On examining why process and procedure just aren’t connecting with teams, I’ve realized it isn’t due to “laziness or unwillingness”. As Dan Boorman explains in the manifesto: “The reason is more often that the necessary knowledge has not been translated into a simple, usable, and systematic form.” 

So how do we achieve this simplified version of the truth? Boorman and his team were faced with a similar challenge, so they “buckled down to the work of distilling the information into its practical essence… They sharpened, trimmed, and puzzled over pause points…”

It sounds really intense – and it is – but within about a month, “pilots had the new checklist in their hands – or in their cockpit computers. And they used it.” 

Wow - look at the last four words. ‘And they used it.

We may not all have the time and effort to invest in simplifying process to the extent of Atul’s aviation checklist example, but we can still learn from it. 

If we continue to produce processes as an expert’s brain dump of knowledge, we should expect the same results. There’ll be a continuation of no one using, or even looking for this information, and a dead process improvement culture.

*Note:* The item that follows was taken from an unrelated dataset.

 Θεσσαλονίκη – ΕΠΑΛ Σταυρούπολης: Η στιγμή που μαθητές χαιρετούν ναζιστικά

The impact of complexity on your process improvement culture

Simplicity of process knowledge has a direct and critical impact on process improvement culture:

  • Teams that understand processes can more easily apply them correctly, and can ‘get it right’ more often.
  • Teams that clearly understand a process can spot problems and improvements more easily.
  • They can change and innovate faster. 
  • They can work with other teams in the context of processes flowing across different teams. 

So how is it that in 2018 we’re still missing something as obvious as this? I think one of the underlying causes is the diverse range of process authors. There are some common drivers for capturing process know-how: 

  • ISO manual authors and technical writers, for compliance purposes
  • Project teams supporting change initiatives
  • External consultants deploying new technology
  • Software specialists automating process workflows.

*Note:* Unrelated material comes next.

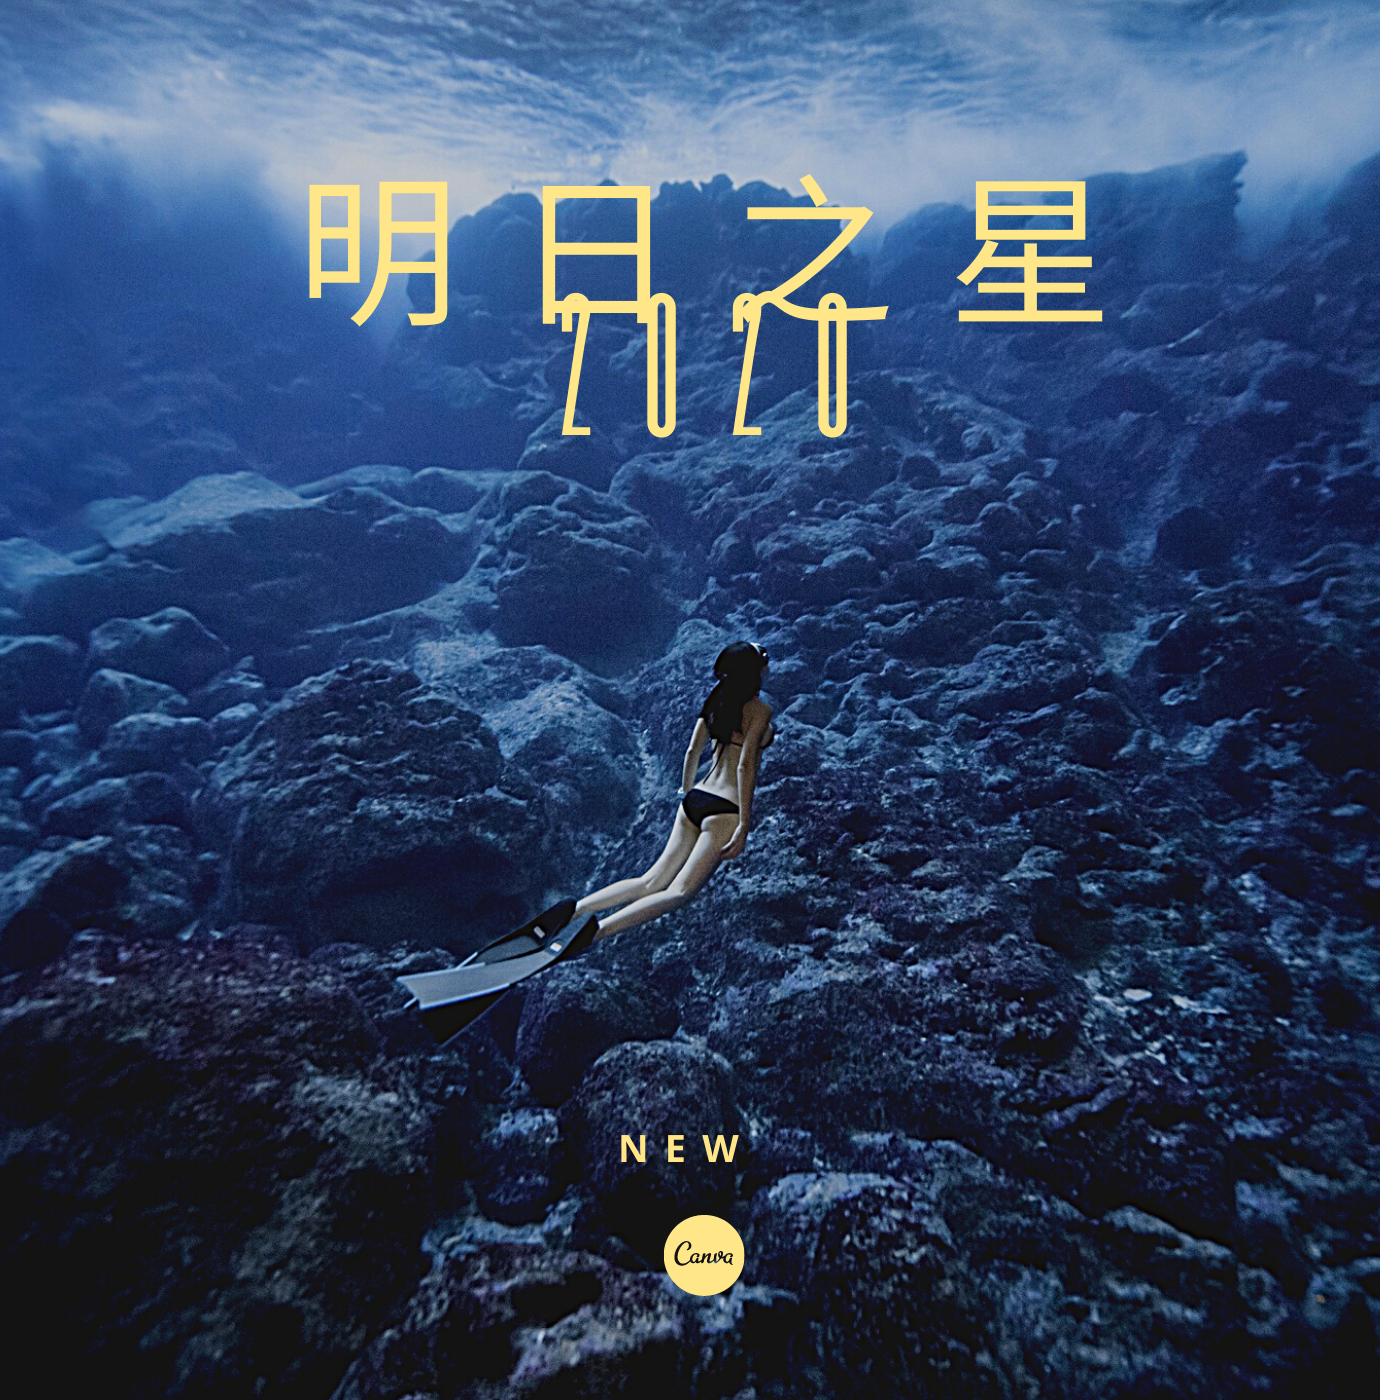 明日之星-吴艳芳

These teams of experts aren’t getting process wrong. In fact, they are getting process very right - they are achieving their desired outcomes.

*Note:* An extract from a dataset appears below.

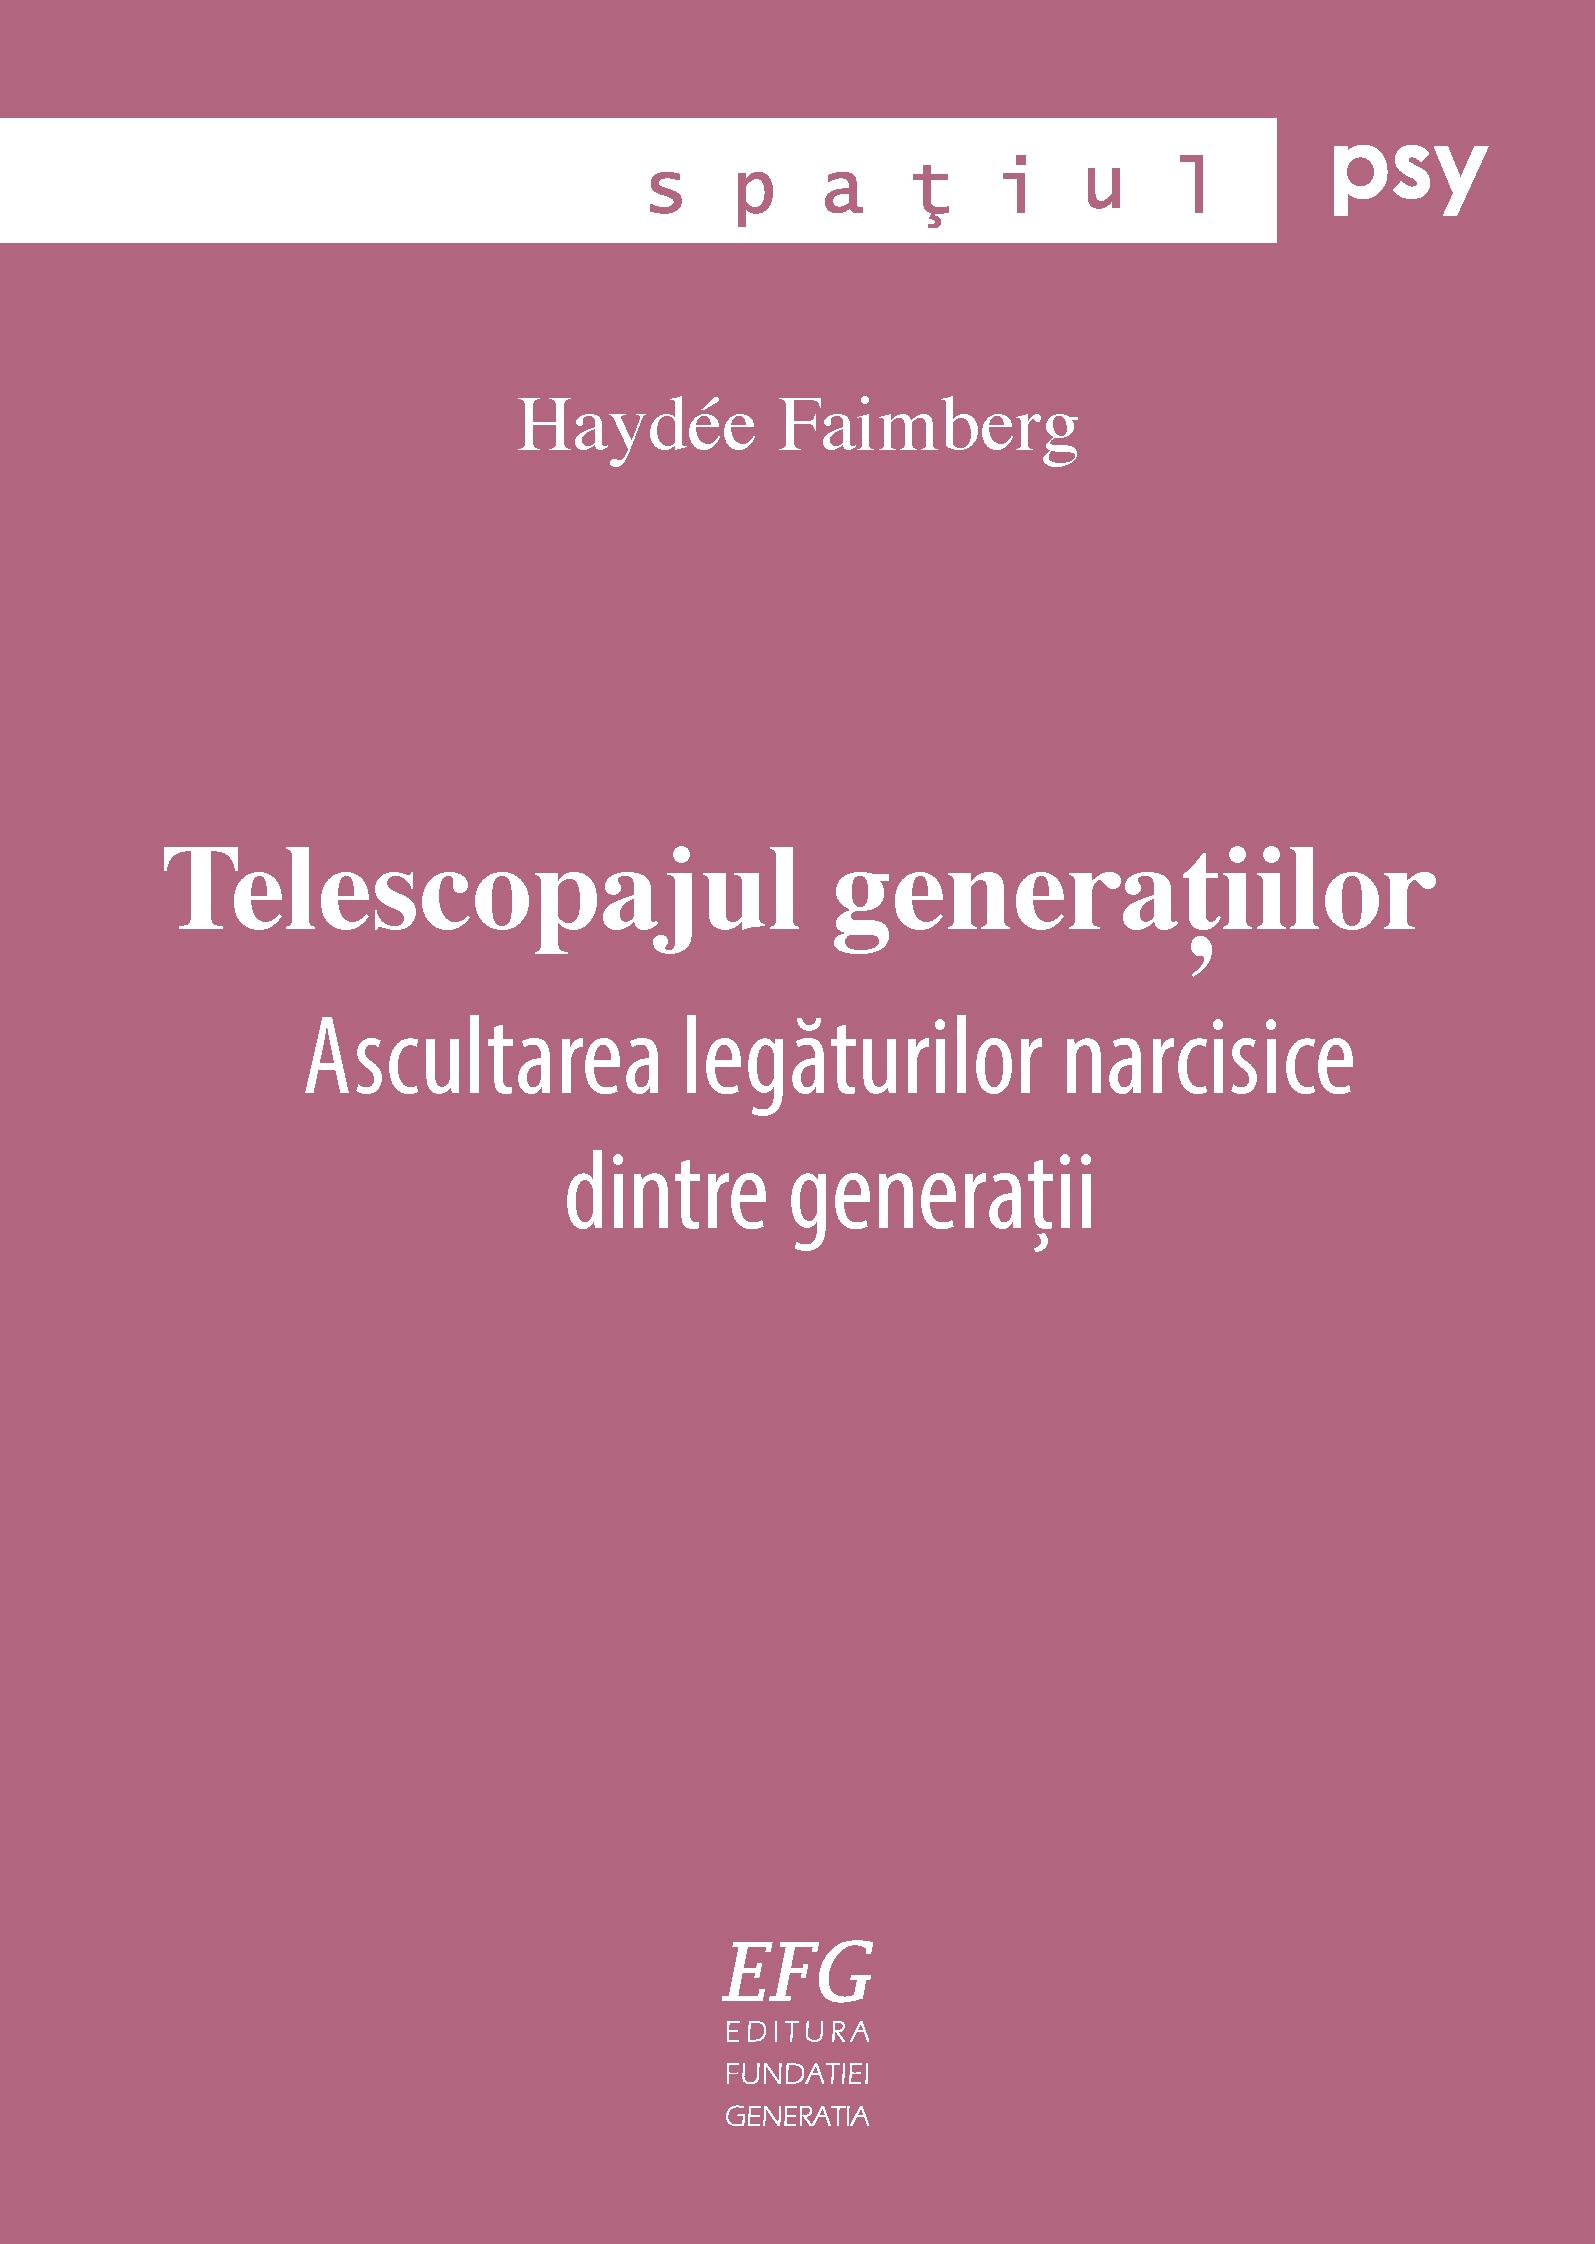 Telescopajul generațiilor: Ascultarea legăturilor narcisice dintre generații

Is simplicity of process a primary outcome for these stakeholder groups? No. In fact, it isn’t a measurement of their success at all.

Success looks different for different people

If we look at what success looks like for the groups above, they’re quite diverse, and quite different to the teams involved in owning and actually applying this process knowledge:

Unfortunately for the process culture of many organizations, the desired outcomes are very different for teams involved in dealing with customers - the teams who are actually working within these processes every day.

These are the teams we expect to execute new processes, that suffer under process breakdowns, that field direct customer feedback and fix process breakdowns every day.  They don’t have two hours to sit down and try to absorb a process. They expect to be able to use something as quick and as useful as the pilots do. 

As Atul rightly concludes - it’s not their laziness or unwillingness to accept help. This is a direct result of trying to use information that just hasn’t been translated into a useable format. 

A living, breathing, world-beating improvement culture does not happen without everyone in every team being able to contribute. And this means recognising that dumping techno-speak onto teams after projects is not process improvement.  

We need to shift the language of change, our business processes, into useful information so that everyone can join the process improvement conversation.